- _WORK ORDER_: Please repeat, exactly and without pictures, the lines of the entries below that run from the one containing "a white dog" through the one containing "Avengers Marvel Superheroes".

[DATA SECTION Boundary: Start]

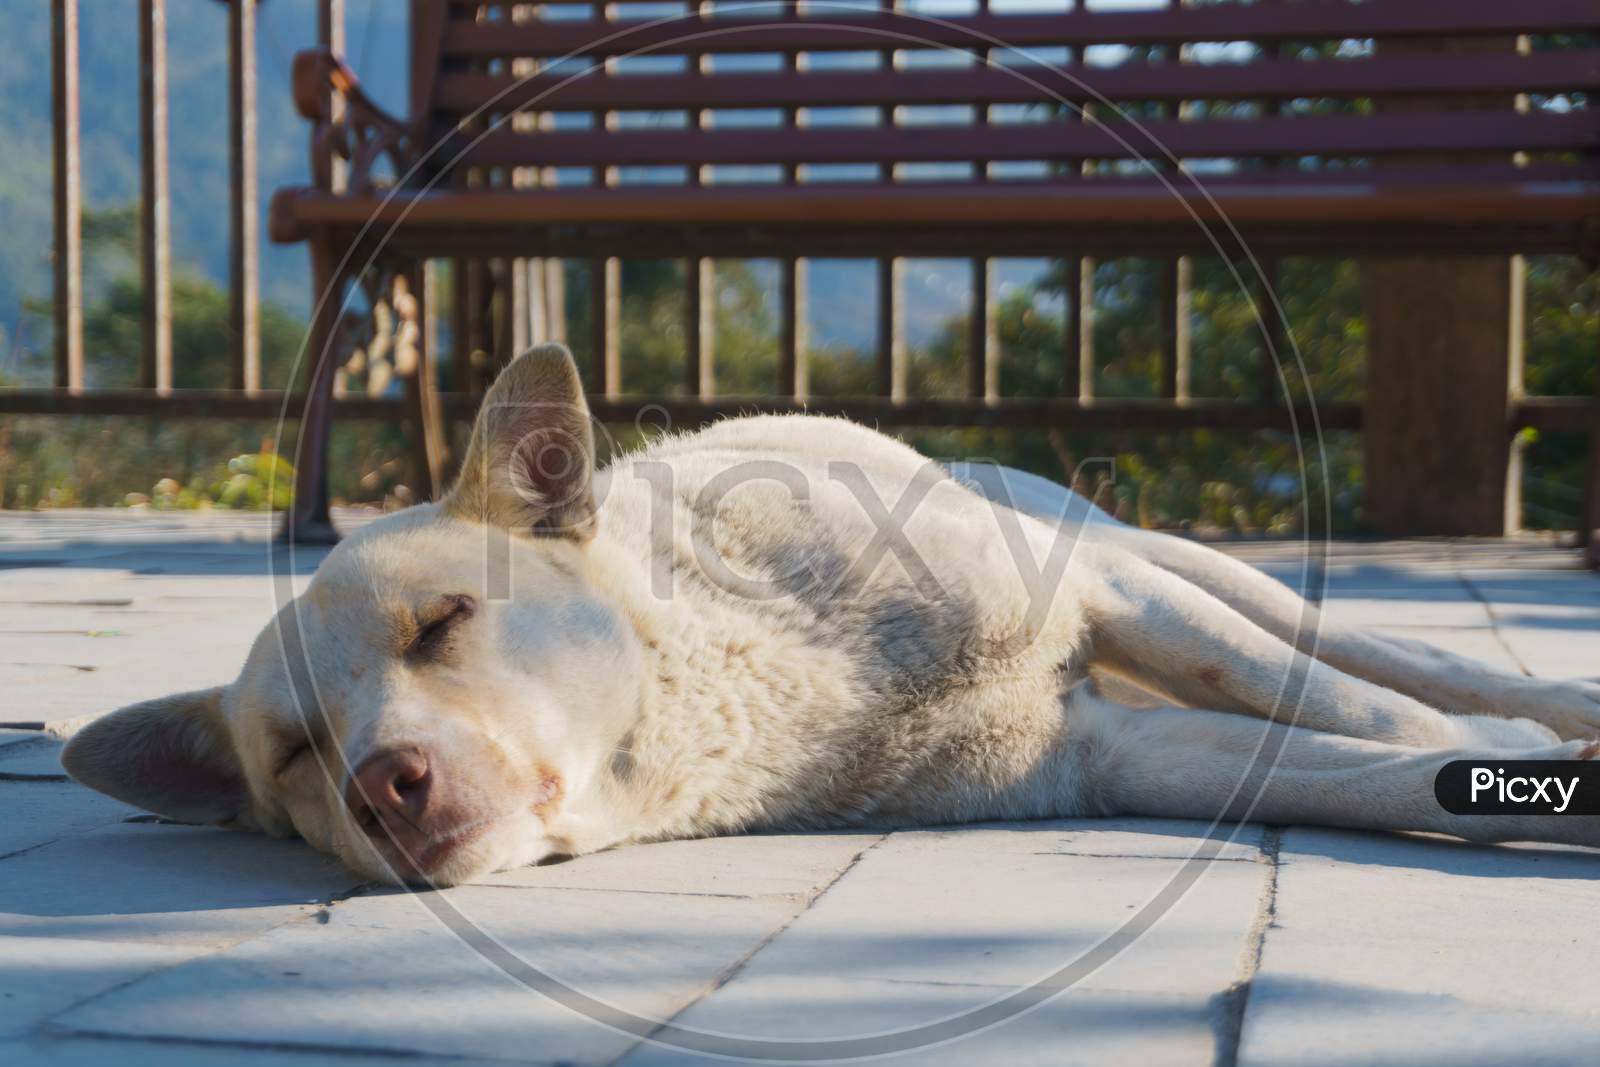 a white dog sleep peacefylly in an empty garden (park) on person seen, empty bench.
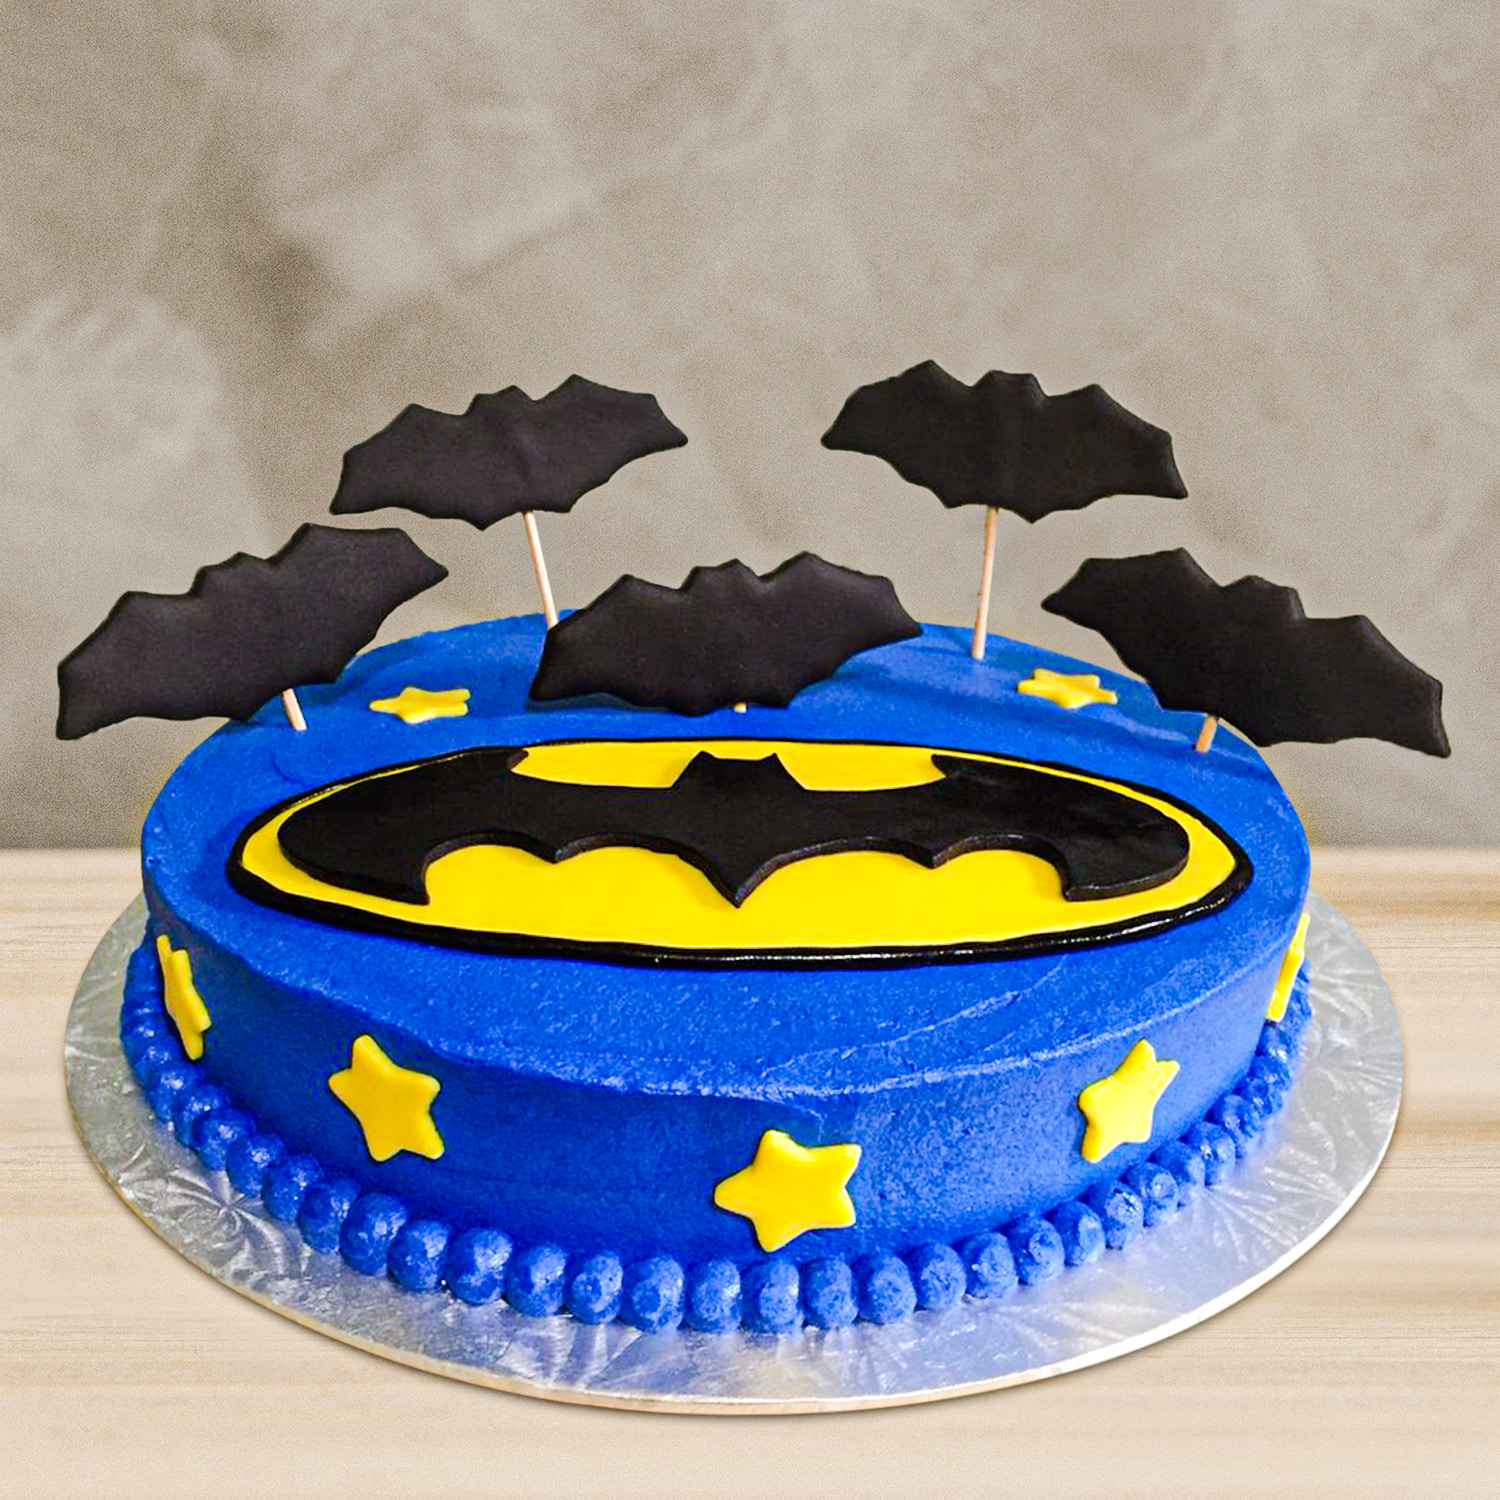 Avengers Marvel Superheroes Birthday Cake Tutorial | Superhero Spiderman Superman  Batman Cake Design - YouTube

[DATA SECTION Boundary: End]
[DATA SECTION Boundary: Start]

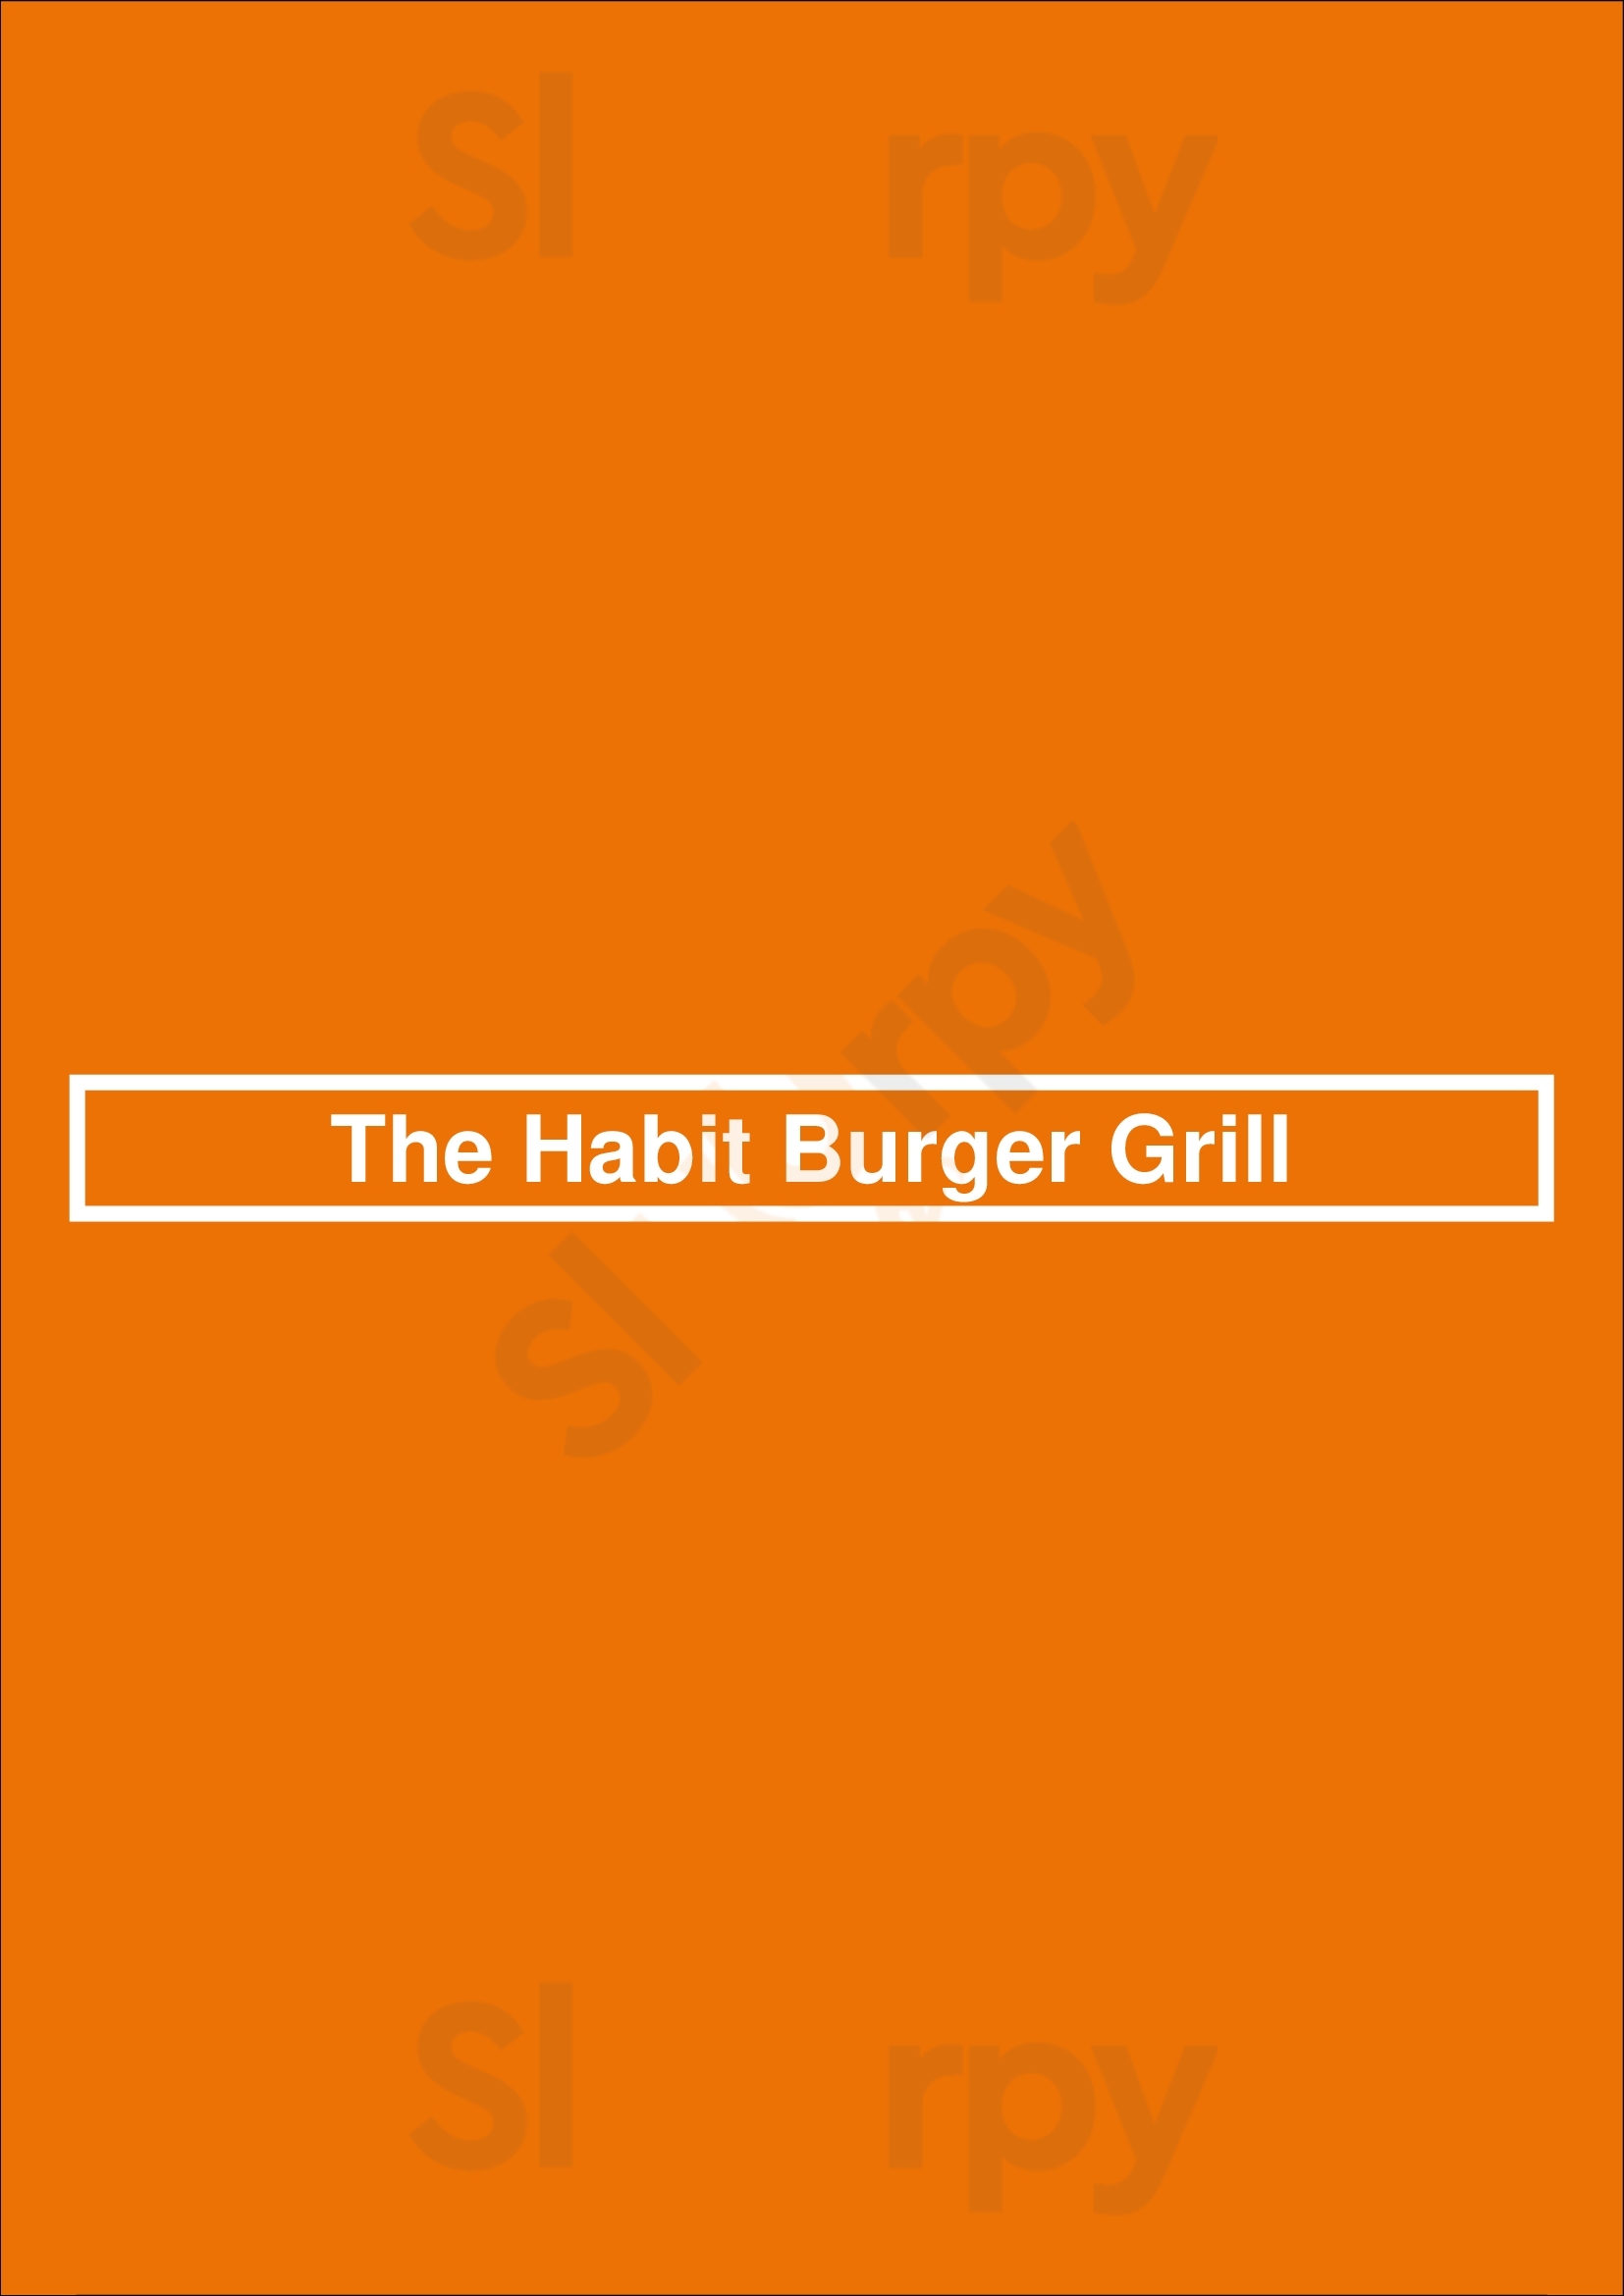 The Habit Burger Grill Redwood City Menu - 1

[DATA SECTION Boundary: End]

- _YOUR RESPONSE_:
 a white dog sleep peacefylly in an empty garden (park) on person seen, empty bench.
 Avengers Marvel Superheroes Birthday Cake Tutorial | Superhero Spiderman Superman  Batman Cake Design - YouTube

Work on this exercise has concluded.